We cannot change every pastor.
We cannot reform every institution.
But we can create pockets of faithful, redemptive, biblical shepherding—where a man is judged by truth, character, and Scripture, not by whispered opinions.
May God raise up courageous men who refuse to marginalize those whom Christ has received.
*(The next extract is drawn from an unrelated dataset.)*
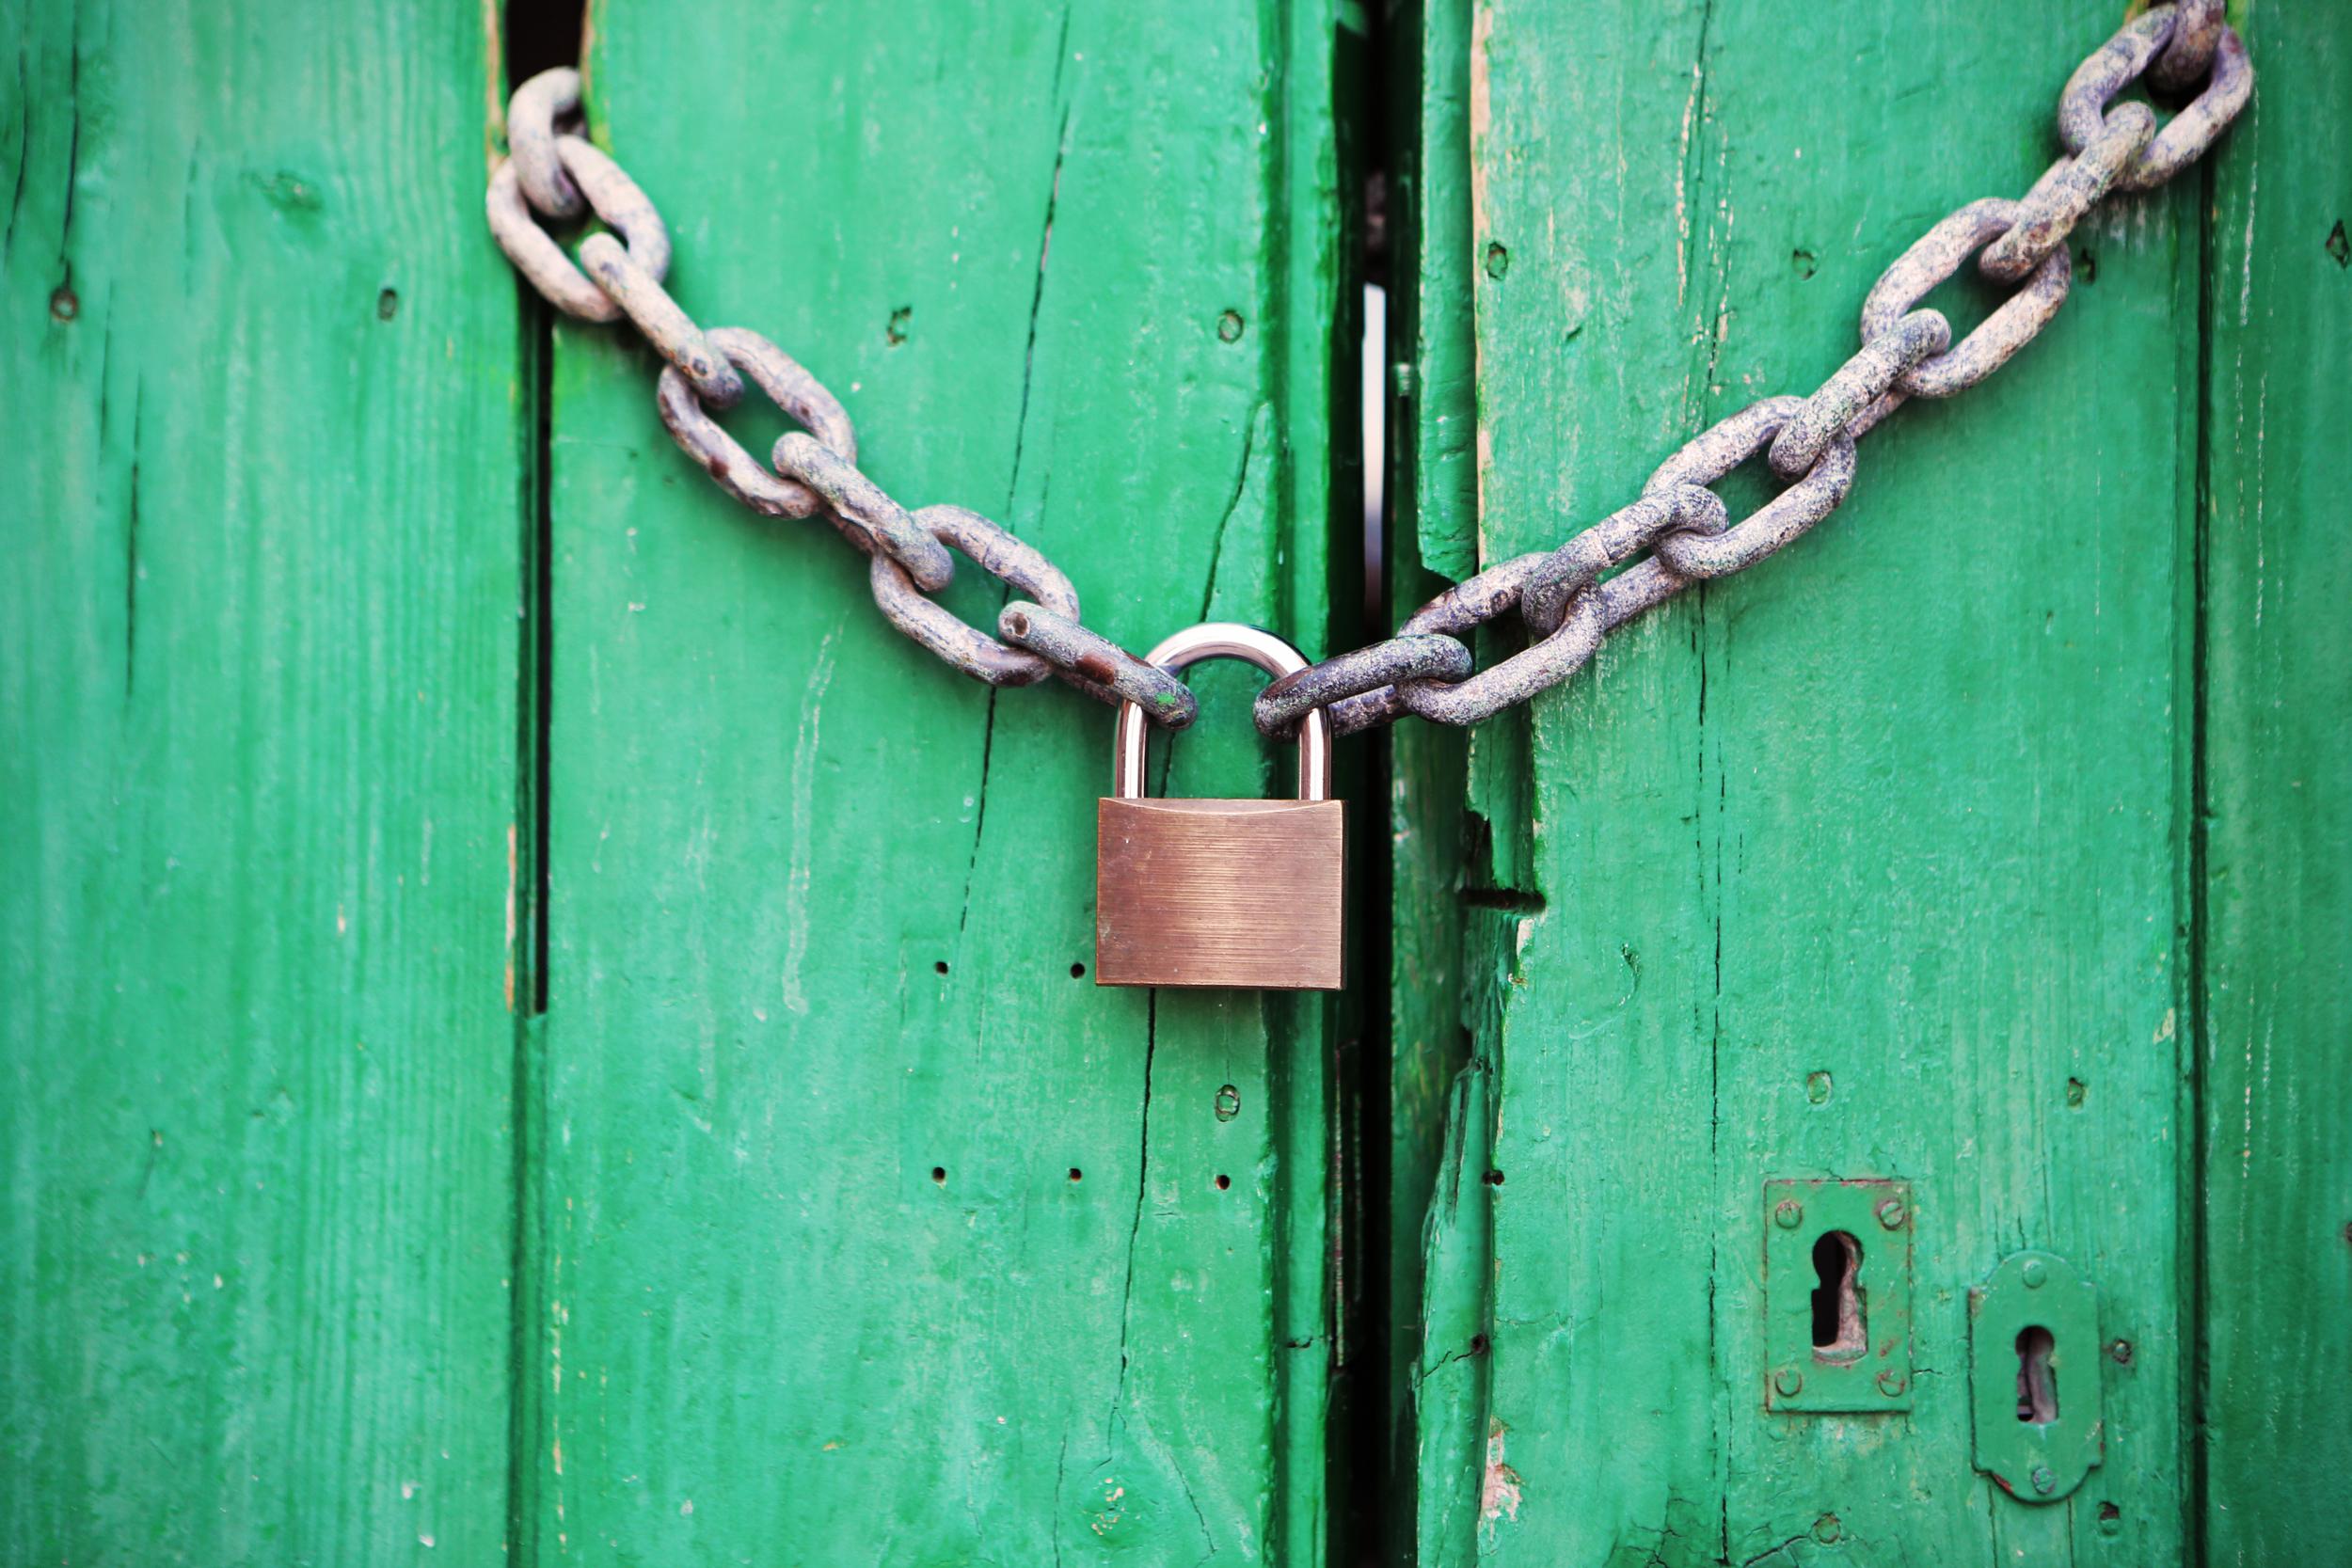 2014_07_life-of-pix-free-stock-photos-spain-door-padlock.jpg

See Appendix A for a statement of clarity to live by!
________________________________________
APPENDIX A
MANIFESTO OF PASTORAL INTEGRITY
(A Covenant for Shepherds Who Refuse Political Ministry)
1. I will not blacklist a brother based on hearsay.
“Prove all things; hold fast that which is good.” (1 Thess. 5:21)
2. I will pursue Matthew 18 before forming an opinion.
“Moreover if thy brother shall trespass against thee, go and tell him his fault between thee and him alone.” (Matt. 18:15)
3. I will refuse to participate in whisper networks.
“He that hideth hatred with lying lips, and he that uttereth a slander, is a fool.” (Prov. 10:18)
4. I will restore the fallen when repentance is present.
“Restore such an one in the spirit of meekness.” (Gal. 6:1)
5. I will honor men called by God, not men approved by circles.
“For not he that commendeth himself is approved, but whom the Lord commendeth.” (2 Cor. 10:18)
6. I will never punish a man because another man dislikes him.
“The fear of man bringeth a snare.” (Prov. 29:25)
7. I will remember that ministry is not empire-building.
“Neither as being lords over God’s heritage, but being ensamples to the flock.” (1 Pet. 5:3)
8. I will be a shepherd, not a gatekeeper.